___ Task material ___

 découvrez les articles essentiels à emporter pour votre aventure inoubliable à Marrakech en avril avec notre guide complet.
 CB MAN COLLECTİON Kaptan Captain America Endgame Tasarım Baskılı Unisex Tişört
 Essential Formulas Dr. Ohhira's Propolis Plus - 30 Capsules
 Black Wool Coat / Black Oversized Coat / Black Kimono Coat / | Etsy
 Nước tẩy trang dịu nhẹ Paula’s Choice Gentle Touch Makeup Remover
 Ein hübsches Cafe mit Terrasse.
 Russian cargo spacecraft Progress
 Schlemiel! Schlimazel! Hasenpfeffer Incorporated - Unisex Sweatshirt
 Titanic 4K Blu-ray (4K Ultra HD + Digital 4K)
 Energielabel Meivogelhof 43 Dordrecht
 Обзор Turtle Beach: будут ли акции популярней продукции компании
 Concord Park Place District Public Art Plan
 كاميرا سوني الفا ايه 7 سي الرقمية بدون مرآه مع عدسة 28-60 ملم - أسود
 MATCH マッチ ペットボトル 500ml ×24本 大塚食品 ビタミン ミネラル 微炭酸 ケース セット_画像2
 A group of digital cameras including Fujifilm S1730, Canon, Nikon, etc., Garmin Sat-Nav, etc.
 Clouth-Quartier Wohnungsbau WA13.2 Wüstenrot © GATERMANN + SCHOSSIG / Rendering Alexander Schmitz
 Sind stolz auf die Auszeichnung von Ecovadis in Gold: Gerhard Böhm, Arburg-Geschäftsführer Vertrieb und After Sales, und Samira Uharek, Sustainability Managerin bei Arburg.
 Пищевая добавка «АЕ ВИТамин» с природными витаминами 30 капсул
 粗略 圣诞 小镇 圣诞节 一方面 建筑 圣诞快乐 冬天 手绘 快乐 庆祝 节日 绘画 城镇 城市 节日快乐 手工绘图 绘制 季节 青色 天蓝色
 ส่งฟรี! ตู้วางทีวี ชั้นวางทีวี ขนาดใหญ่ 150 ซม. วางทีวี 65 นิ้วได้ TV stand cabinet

___

**Task statement:** Copy all data exactly, start to finish.

**Written solution:**
 découvrez les articles essentiels à emporter pour votre aventure inoubliable à Marrakech en avril avec notre guide complet.
 CB MAN COLLECTİON Kaptan Captain America Endgame Tasarım Baskılı Unisex Tişört
 Essential Formulas Dr. Ohhira's Propolis Plus - 30 Capsules
 Black Wool Coat / Black Oversized Coat / Black Kimono Coat / | Etsy
 Nước tẩy trang dịu nhẹ Paula’s Choice Gentle Touch Makeup Remover
 Ein hübsches Cafe mit Terrasse.
 Russian cargo spacecraft Progress
 Schlemiel! Schlimazel! Hasenpfeffer Incorporated - Unisex Sweatshirt
 Titanic 4K Blu-ray (4K Ultra HD + Digital 4K)
 Energielabel Meivogelhof 43 Dordrecht
 Обзор Turtle Beach: будут ли акции популярней продукции компании
 Concord Park Place District Public Art Plan
 كاميرا سوني الفا ايه 7 سي الرقمية بدون مرآه مع عدسة 28-60 ملم - أسود
 MATCH マッチ ペットボトル 500ml ×24本 大塚食品 ビタミン ミネラル 微炭酸 ケース セット_画像2
 A group of digital cameras including Fujifilm S1730, Canon, Nikon, etc., Garmin Sat-Nav, etc.
 Clouth-Quartier Wohnungsbau WA13.2 Wüstenrot © GATERMANN + SCHOSSIG / Rendering Alexander Schmitz
 Sind stolz auf die Auszeichnung von Ecovadis in Gold: Gerhard Böhm, Arburg-Geschäftsführer Vertrieb und After Sales, und Samira Uharek, Sustainability Managerin bei Arburg.
 Пищевая добавка «АЕ ВИТамин» с природными витаминами 30 капсул
 粗略 圣诞 小镇 圣诞节 一方面 建筑 圣诞快乐 冬天 手绘 快乐 庆祝 节日 绘画 城镇 城市 节日快乐 手工绘图 绘制 季节 青色 天蓝色
 ส่งฟรี! ตู้วางทีวี ชั้นวางทีวี ขนาดใหญ่ 150 ซม. วางทีวี 65 นิ้วได้ TV stand cabinet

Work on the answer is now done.